Beginners instinctively reach forward with their arms, which puts all the stress on small muscles that fatigue quickly. Lean in with your torso instead. The clay should come to you, not the other way around.
Centering Troubleshooting
If the clay wobbles no matter what you do, check these three things: (1) Is the clay well-wedged? Air pockets cause off-center movement. (2) Are your elbows braced? Unsupported arms cannot apply consistent pressure. (3) Is the wheel speed fast enough? Centering requires 200-300 RPM — slow speeds make it harder, not easier.
Speed Control
Wheel speed changes with every step. Fast for centering — the momentum helps force the clay into position. Medium for opening and pulling walls — fast enough for smooth movement, slow enough for control. Slow for shaping, trimming, and detail work — your fingers need time to feel what the clay is doing.
- Centering: 200-300 RPM. Full speed. Let the wheel do the work.
- Opening: 150-200 RPM. Push down into the center, open the floor.
- Pulling walls: 120-150 RPM. Steady, consistent pulls from base to rim.
- Shaping: 60-100 RPM. Gentle pressure, gradual curves.
- Trimming: 80-120 RPM. Controlled removal, check thickness often.
Water Management
Water is lubricant, not an ingredient. You need just enough to keep your hands sliding smoothly — a thin film, not a flood. Too much water saturates the clay, weakens the walls, and causes collapse. Stephen Jepson teaches beginners to dip two fingers in water and re-wet frequently rather than pouring water onto the piece.
Keep a sponge nearby to remove water that pools inside the pot. Water sitting in the bottom softens the floor and causes S-cracks during drying.
Wall Thickness Control
Aim for about 1/4 inch throughout. Use a needle tool to check — gently push it through the wall near the base and feel for thickness with your outside finger. Even walls dry evenly, fire evenly, and resist cracking. If one side is thicker, you applied uneven pressure during pulling. Correct by making one more careful pull with attention to the thick spot.
Common Beginner Mistakes
- Fighting the clay — Squeezing too hard with your hands instead of leaning in with your body.

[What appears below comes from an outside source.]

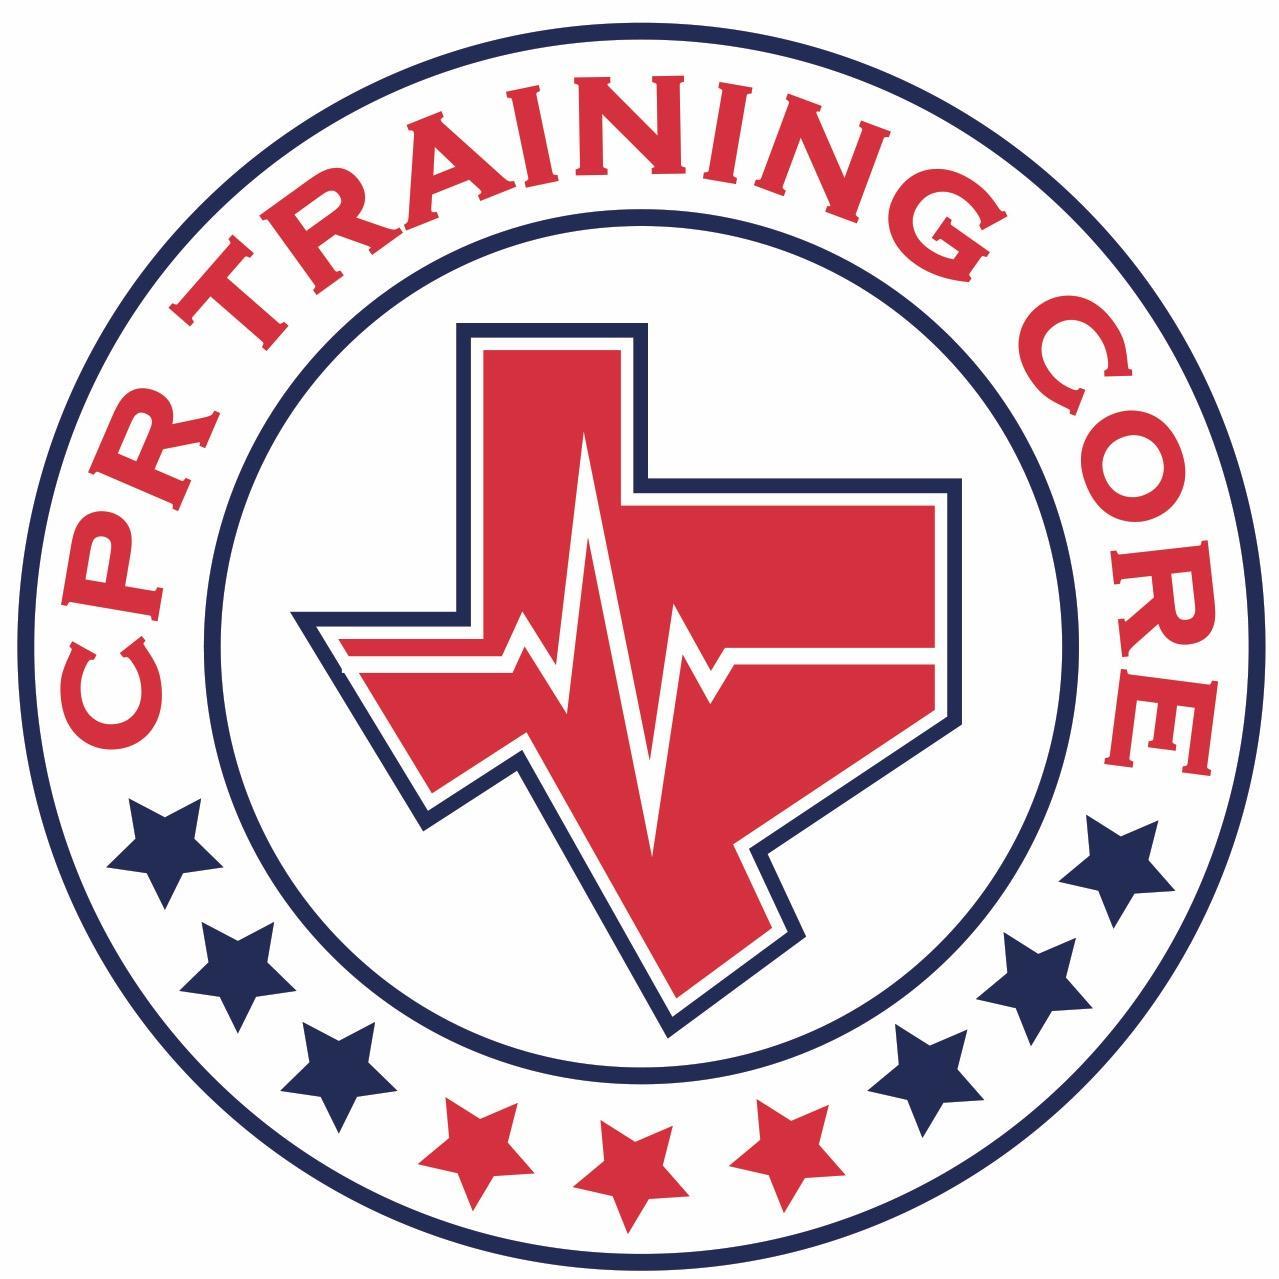 CPR Training Core, LLC. 6141 Hollyhock Rd. San Antonio, TX

- Too much water — Flooding the piece until it collapses. Less is more.
- Pulling too fast — Rushing the pull tears the wall. Slow, steady pressure.

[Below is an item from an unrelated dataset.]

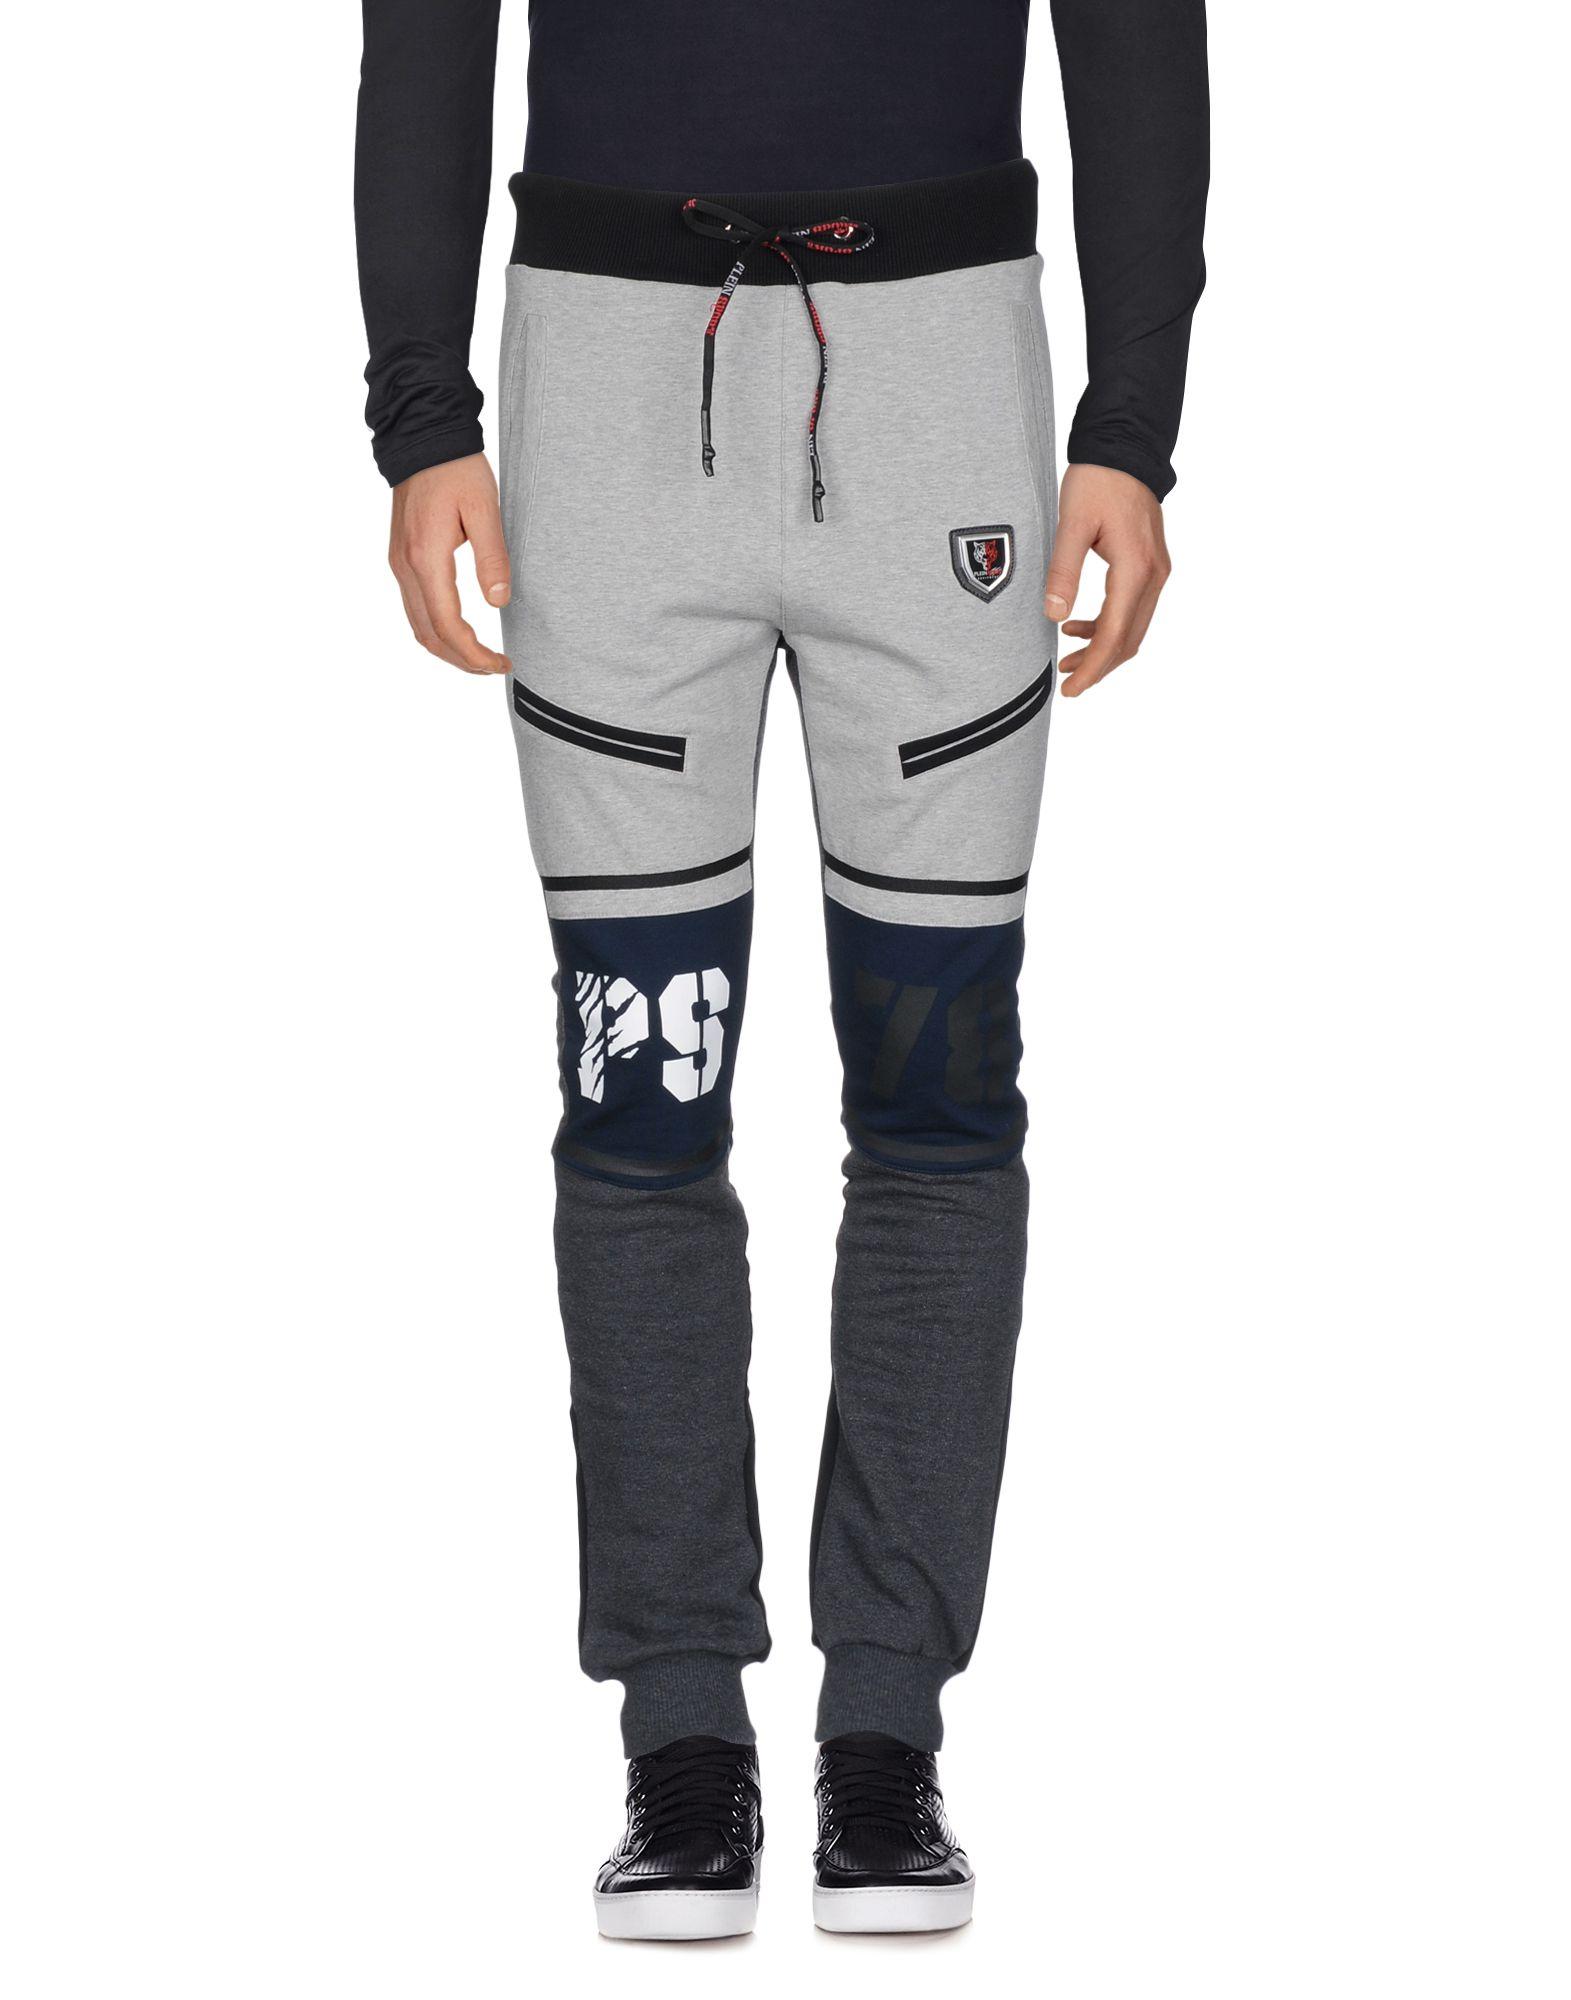 Pantalone Plein Sport Uomo - Acquista online su

- Uneven floor — Not opening the floor flat leaves a hump that creates thick, uneven bottoms.
- Thin rims — Over-pulling at the top creates a paper-thin rim that cracks. Leave the rim slightly thicker.
Practice Drills for Muscle Memory
Set a timer for one hour and throw as many pieces as you can. Do not trim, do not keep, do not judge. The goal is repetitions. After 50 cylinders, centering becomes automatic. After 100, pulling walls feels natural. This is not wasted clay — this is how your body learns.